EN SU NÚMERO correspondiente al pasado 22 de marzo, este periódico publica un interesante y curioso artículo sobre una enfermedad que afectó a muchas personas en Tenerife, a la mayoría de las cuales las llevó a la tumba. Me refiero a la tan temida tuberculosis, producida por aquel bacilos de Koch, que producía verdaderos estragos entre la población.

Los datos de que informa el trabajo periodístico proceden de la Sociedad Española de Enfermedades Infeccionsas y Microbiología Clínica, cuyo director es el doctor Álvaro Pascual, el cual da cuenta, en su artículo, de la buena noticia de que los casos de tuberculosis en España se reducen a más de la mitad en los últimos diez años.

Tengo recuerdos de mi niñez y de los primeros años de mi juventud que, a causa de esta enfermedad, no son precisamente gratos. No tuve tuberculosos en la familia cercana, aunque pasé desde la infancia, verdaderos sustos teniendo contacto con algunos de los enfermos porque la tuberculosis era muy contagiosa. Recuerdo también haber tenido que visitar regularmente, para el oportuno reconocimiento, los despachos y consultorios del Servicio Antituberculoso de la Cruz Roja, establecidos frente a un lateral de la parroquia del Pilar, en Santa Cruz. La visita periódica era obligatoria para todos los jóvenes y alguna persona mayor que se quejara de síntomas, y recuerdo, igualmente, que la labor de la Cruz Roja en los diagnósticos y los remedios consiguientes, era constante y de gran meticulosidad.

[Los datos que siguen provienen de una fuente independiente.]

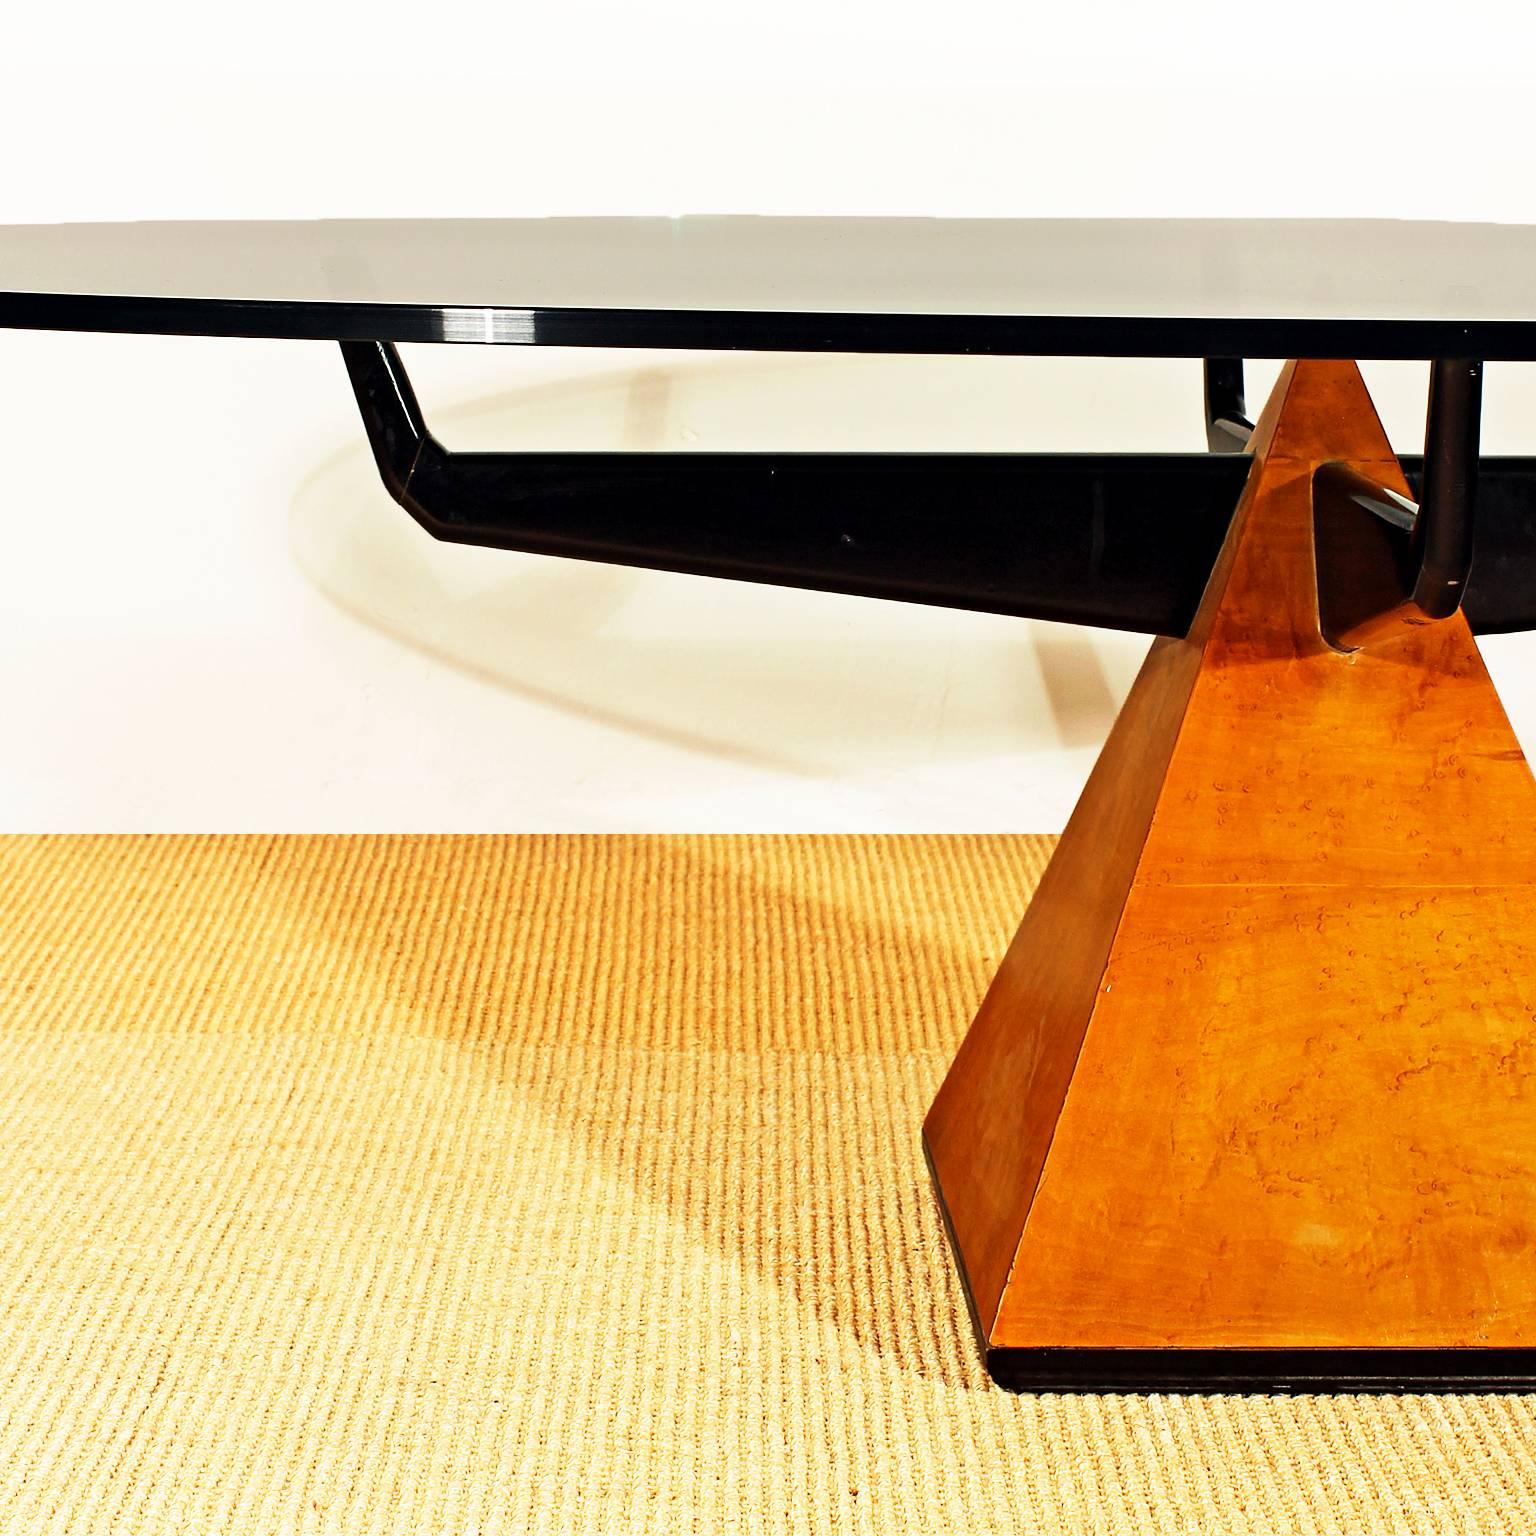 1950s Pyramidal Coffee Table, maple, lacquered wood, thick glass - Italy 1

Una vez, o me hicieron creer la posibilidad de un contagio o era cierto. Me dijeron en el consultorio que podía tener síntomas de la enfermedad. Fue una falsa alarma y no precisé atención, pero me llevé un tremendo susto y cumplí a rajatabla lo que me recomendaron. Y ahí terminó todo, pero me puse en guardia. Sin embargo, sí tuve malas noticias de una enferma que era sobrina de un familiar mío. Se trataba de una joven a quien su familia, por consejo del médico, la mandó a residir en un lugar de las Cañadas del Teide y allí vivía en una casa particular, porque lo que interesaba era la altura para la paciente, ya que estaba demostrado que la tuberculosis se desarrollaba menos en la altura, y así se disponían mansiones para alquilar en Vilaflor, una de las poblaciones más altas de Tenerife, vecina a las Cañadas del Teide.

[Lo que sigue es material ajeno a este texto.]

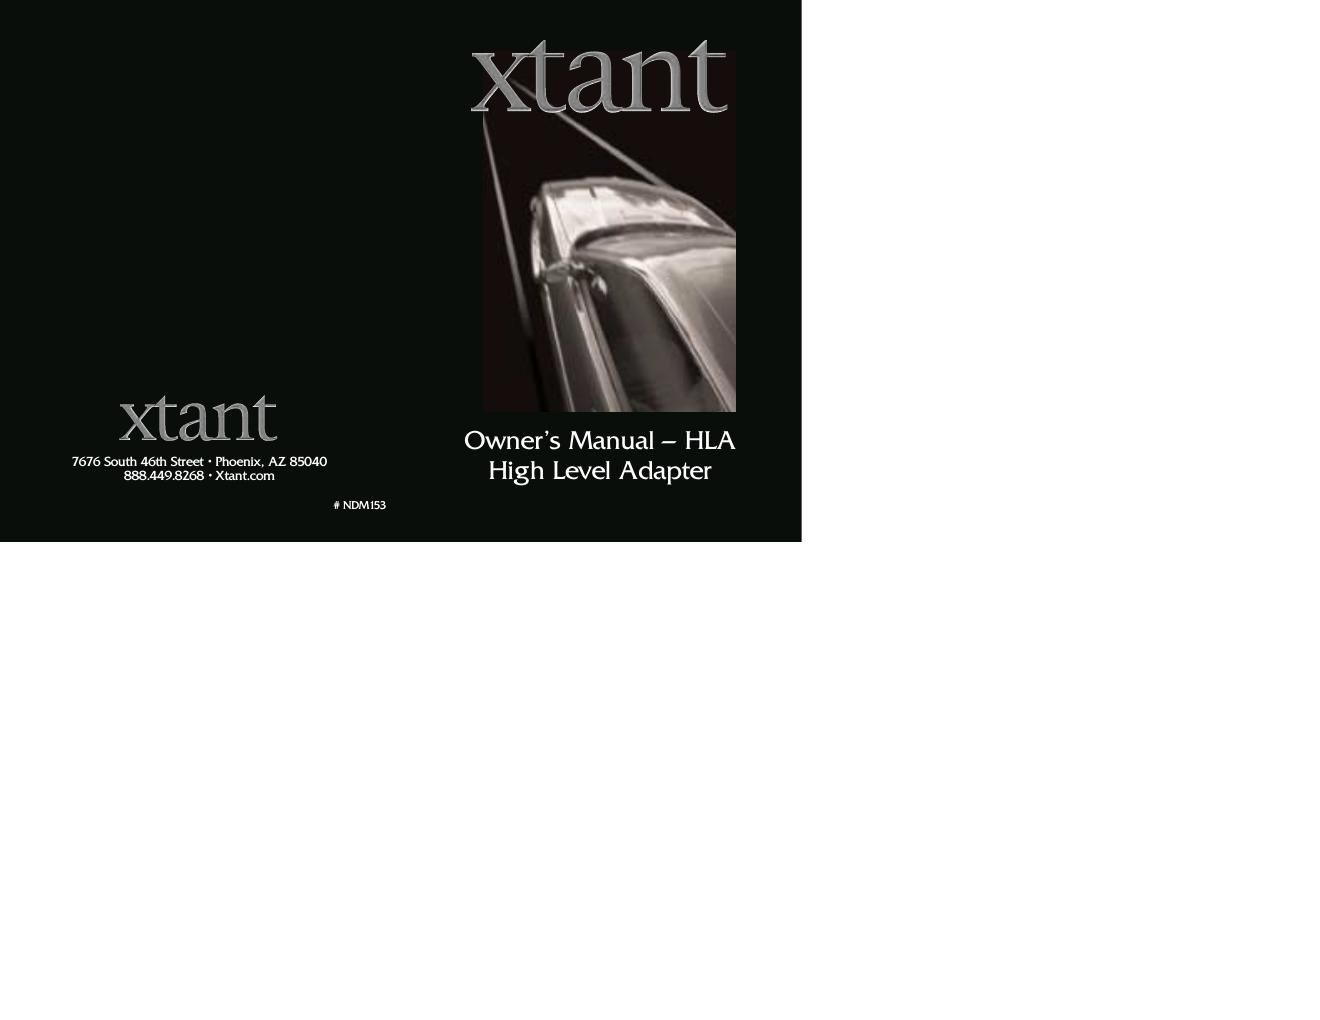 xtant hla owners manual

Por esos años, se hizo famoso el especialista doctor don Tomás Cerviá, quien trató y curó a varios tuberculosos y fue uno de los artífices del sanatorio antituberculoso que se instaló en las proximidades de la montaña de Ofra, un lugar elevado situado en el sitio que llaman La Cuesta, entre las poblaciones de Santa Curz y La Laguna, más cercano a la capital. En el nuevo centro sanitario, que se puso pronto en servicio, ingresaron y recibieron tratamiento numerosos enfermos de todo el Archipiélago.

Ofra fue entonces, y tiempo después, algo que producía temor a mucha gente: los enfermos por sentir su dolencia y los sanos por estar expuestos al contagio. Se corrió el bulo del contagio y la gente cogió miedo a transitar cerca del centro sanitario. El sanatorio y don Tomás Cerviá, principalmente, casi lograron erradicar la tuberculosis y, desde luego, eliminar temores al contagio con una higiene rigurosa y muchos enfermos sanaron y se incorporaron a la vida normal.

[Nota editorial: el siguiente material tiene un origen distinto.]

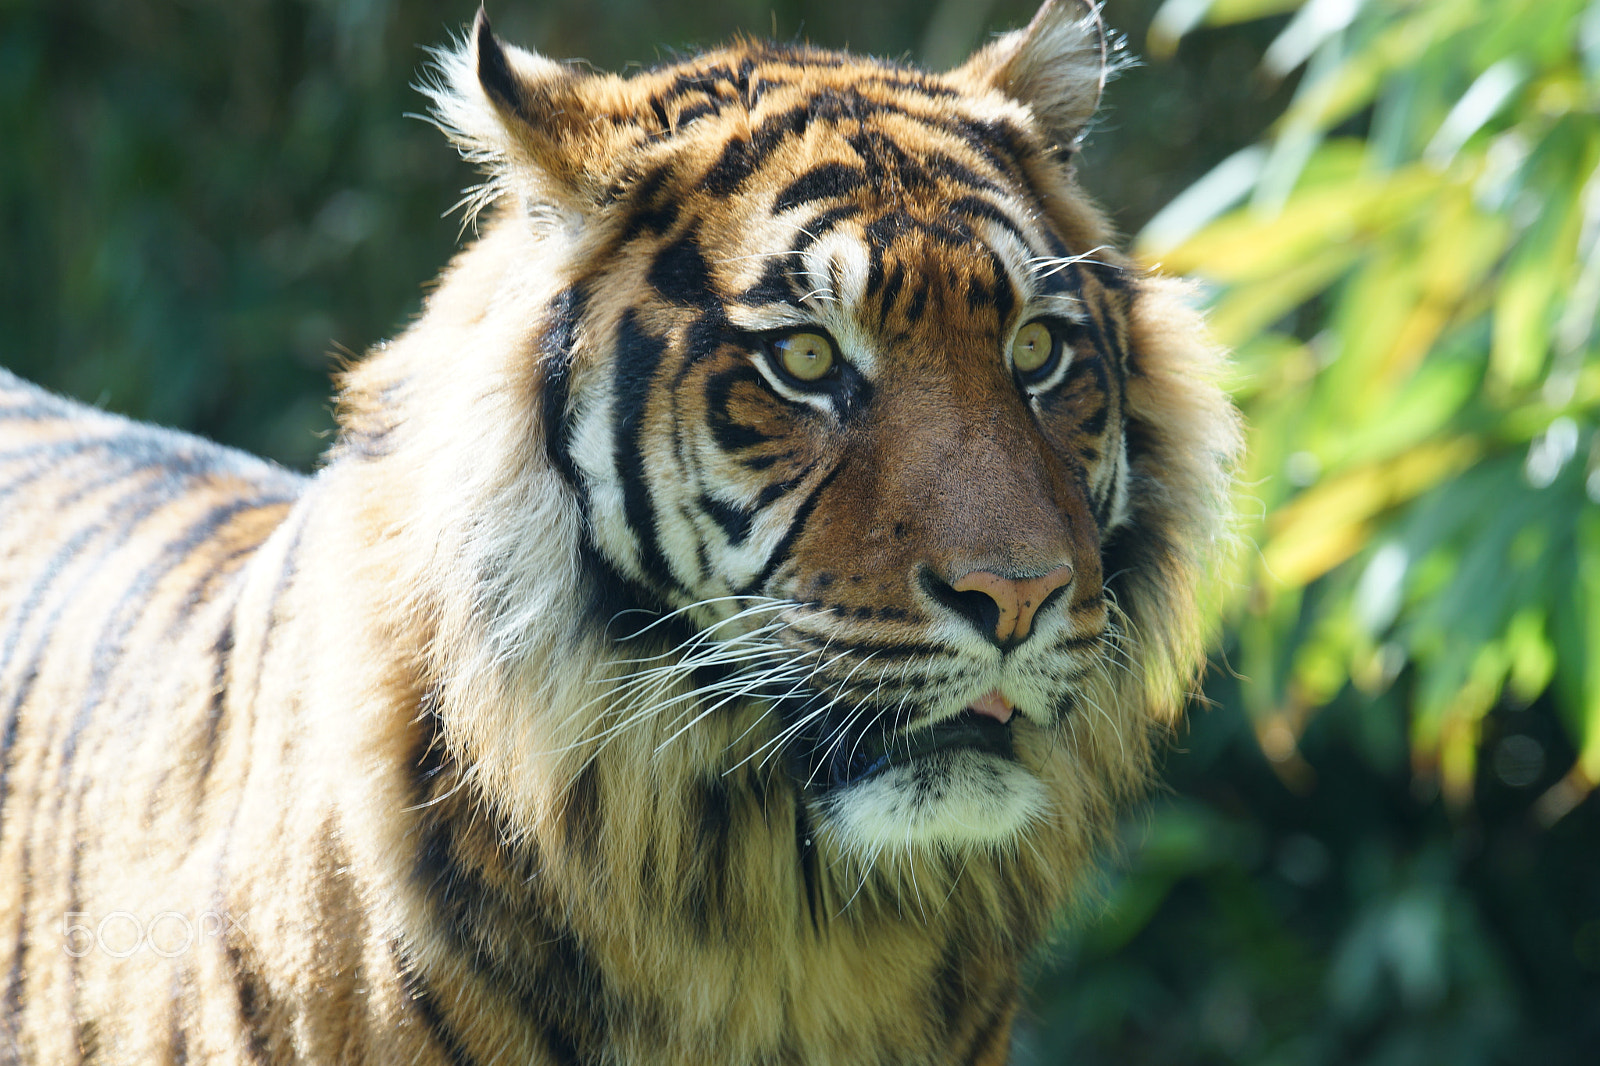 Sony a99 II sample photo. Tiger photography

Más tarde pude leer la magnífica novela de Tomás Man "La montaña mágica" una obra maestra que describe la vida y los sentimientos de varios tuberculosos acogidos en un sanatorio de montaña, y, años después, tuve amistad con un sacerdote que fue párroco durante varios años de la iglesia de Vilaflor y me contó varias historias de enfermos de tuberculosis con grandes semejanzas a los personajes de "La montaña mágica", pero con su campo de acción en Tenerife, datos que hubieran podido dar lugar a otra novela muy parecida a la de Man.